In 2015 MSPA sued Kingsway under the Act’s private cause of action. MSPA argued that Kingsway was the primary payer and Florida Healthcare was the secondary payer, giving MSPA – as Florida Healthcare’s assignee – the right to recover.

Kingsway filed a motion for judgment on the pleadings, arguing that MSPA’s claim was stale because it didn’t comply with the Act’s claims-filing provision limiting recovery claims to 3 years from the time item or service was furnished. The complaint alleged that services were provided between April 29 and July 26, 2012, Kingsway contended that a request for reimbursement had to have been made before July 26, 2015, which it wasn’t.

The district court granted Kingsway’s motion and MSPA appealed. The Court of Appeals for the 11th Circuit disagreed and reversed in the published case of MSPA Claims v. Kingsway Amigo .

The central issue in the appeal was whether MSPA’s failure to comply with the Medicare Secondary Payer Act’s claims-filing provision, § 1395y(b)is fatal to its suit against Kingsway, as the district court concluded.

In rendering its decision, the 11th Circuit Court noted that the plain reading of the MSP claims filing provision did not preclude MSPA Claims from filing suit.
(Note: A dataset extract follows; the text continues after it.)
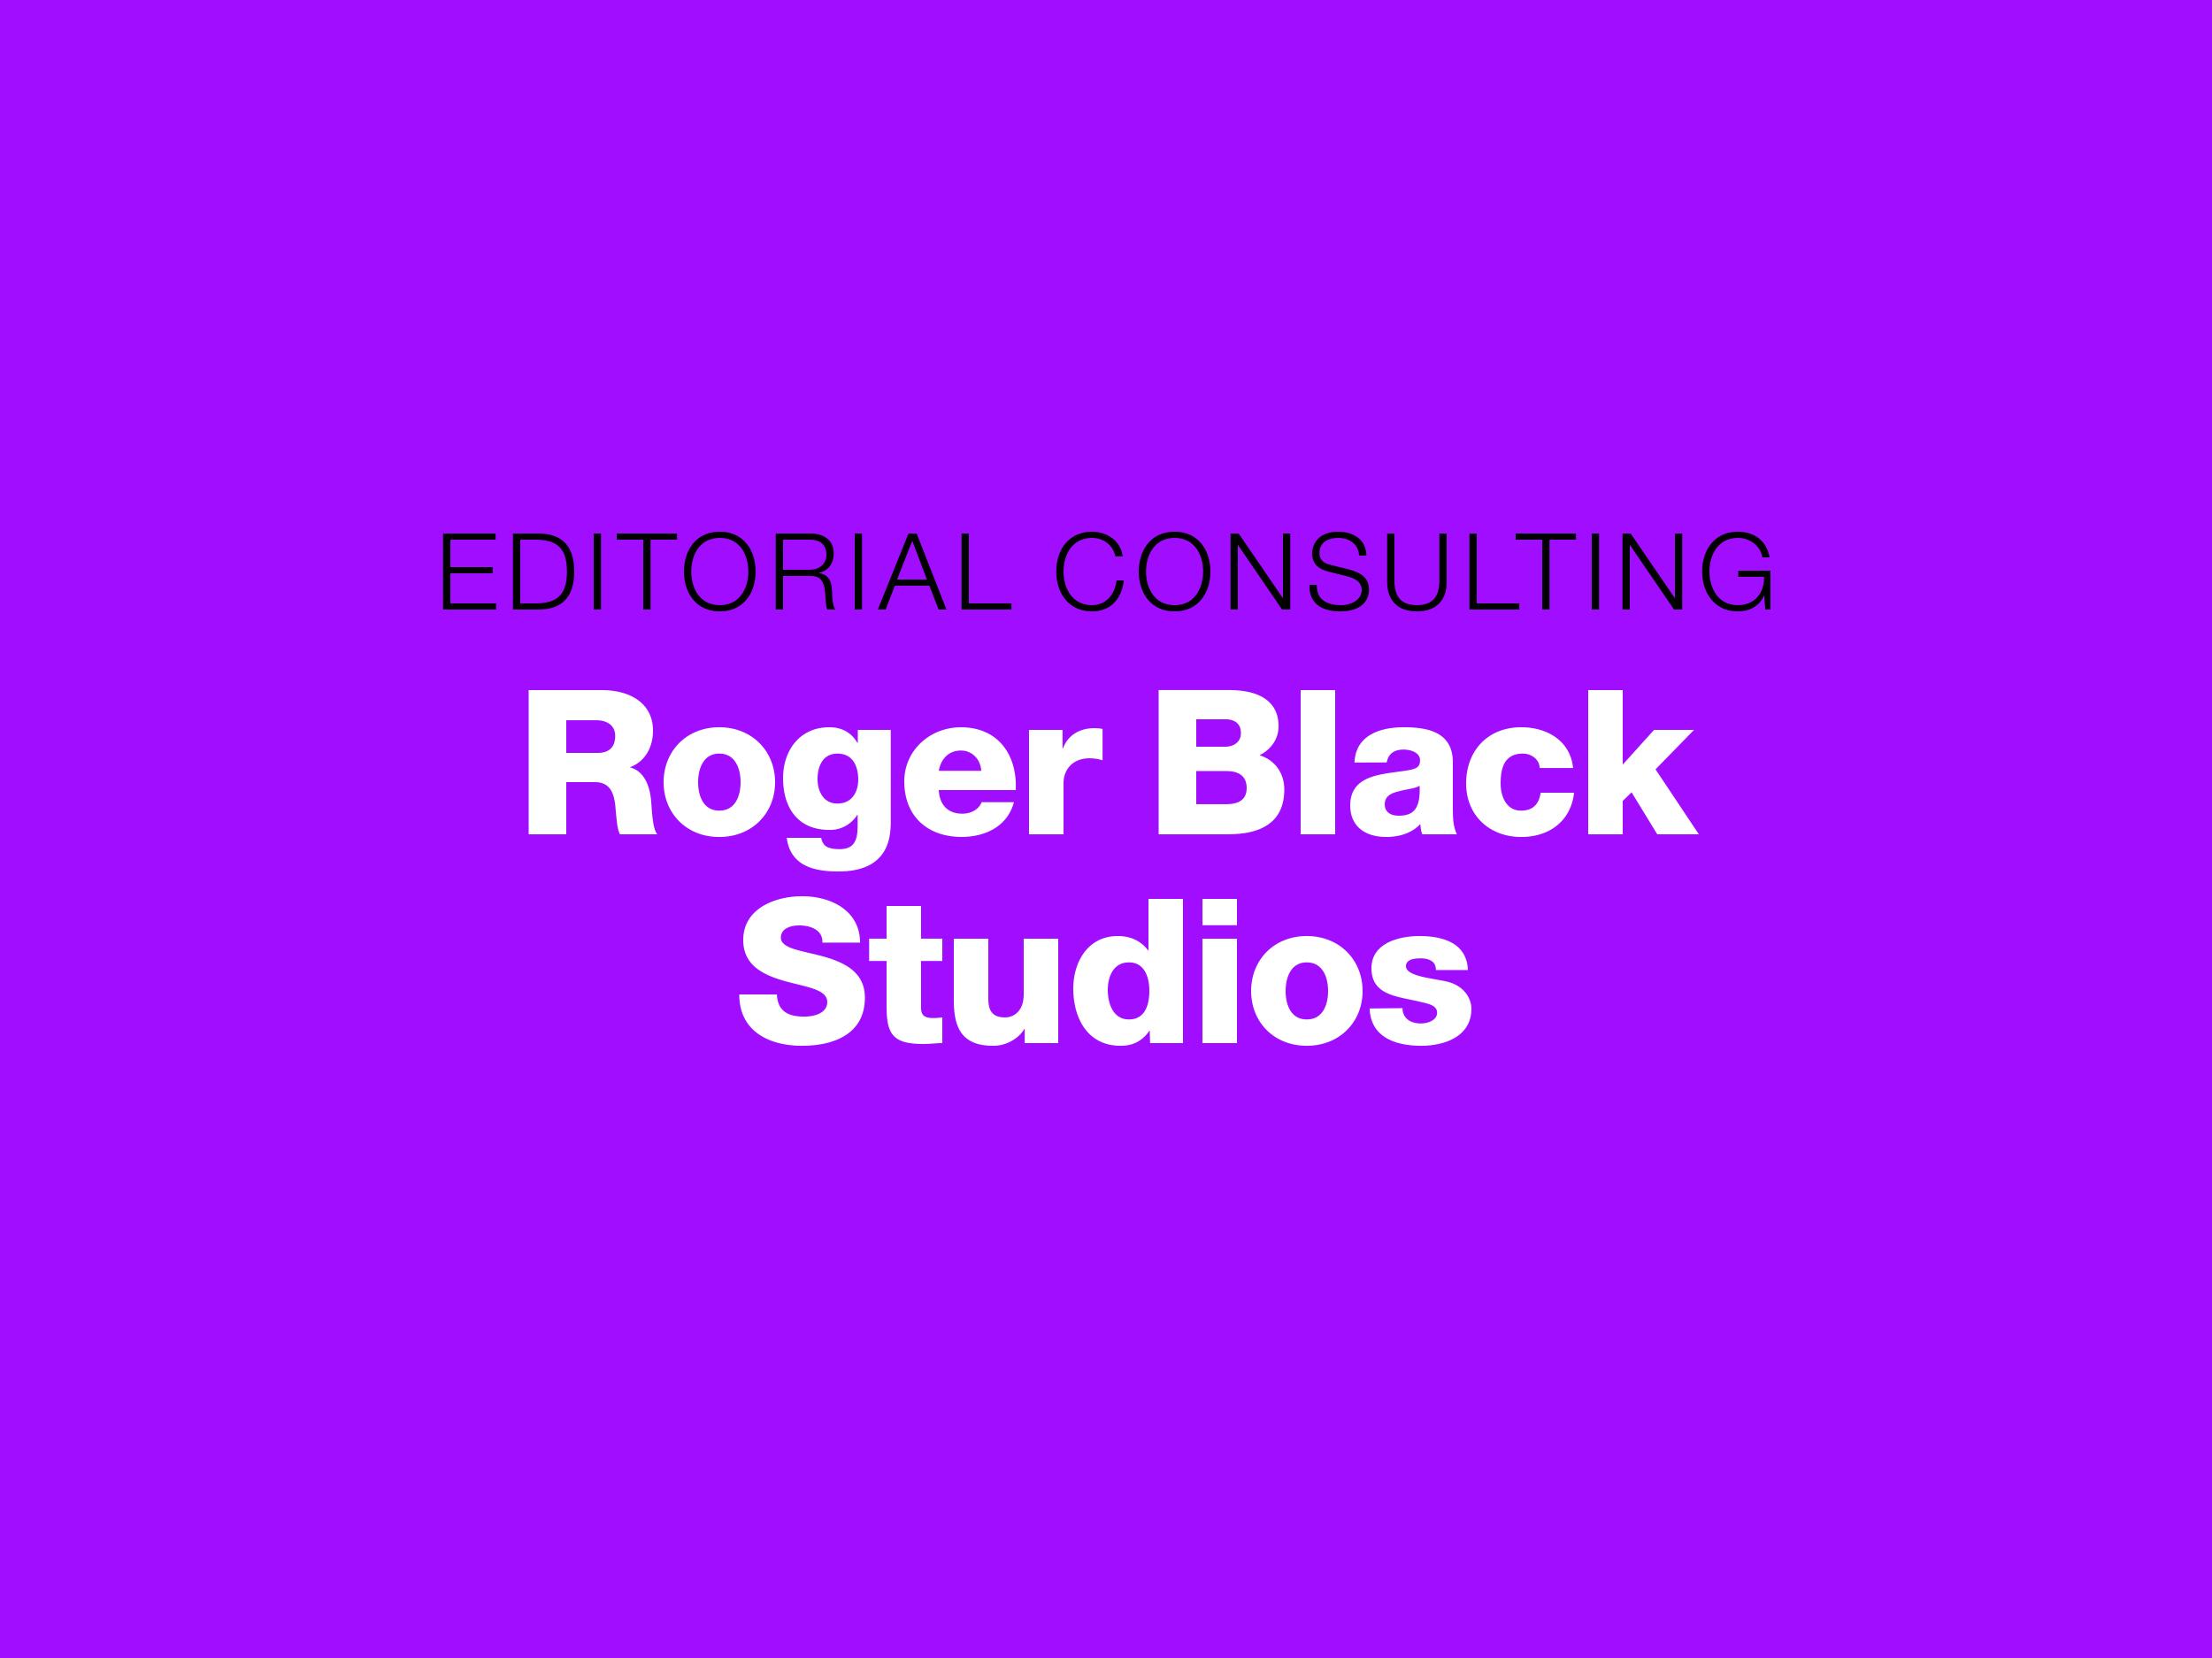 7 Roger Black tile.png

Essentially, the Court found that the dependent “notwithstanding” clause and the permissive term “may” in the actual text of the MSP claims filing provision means that MAOs are not required to bring suit as a prerequisite in the 3 year period.

Essentially, the permissive language within the law does not erect a separate bar that private plaintiffs must overcome to sue under the MSP private cause of action.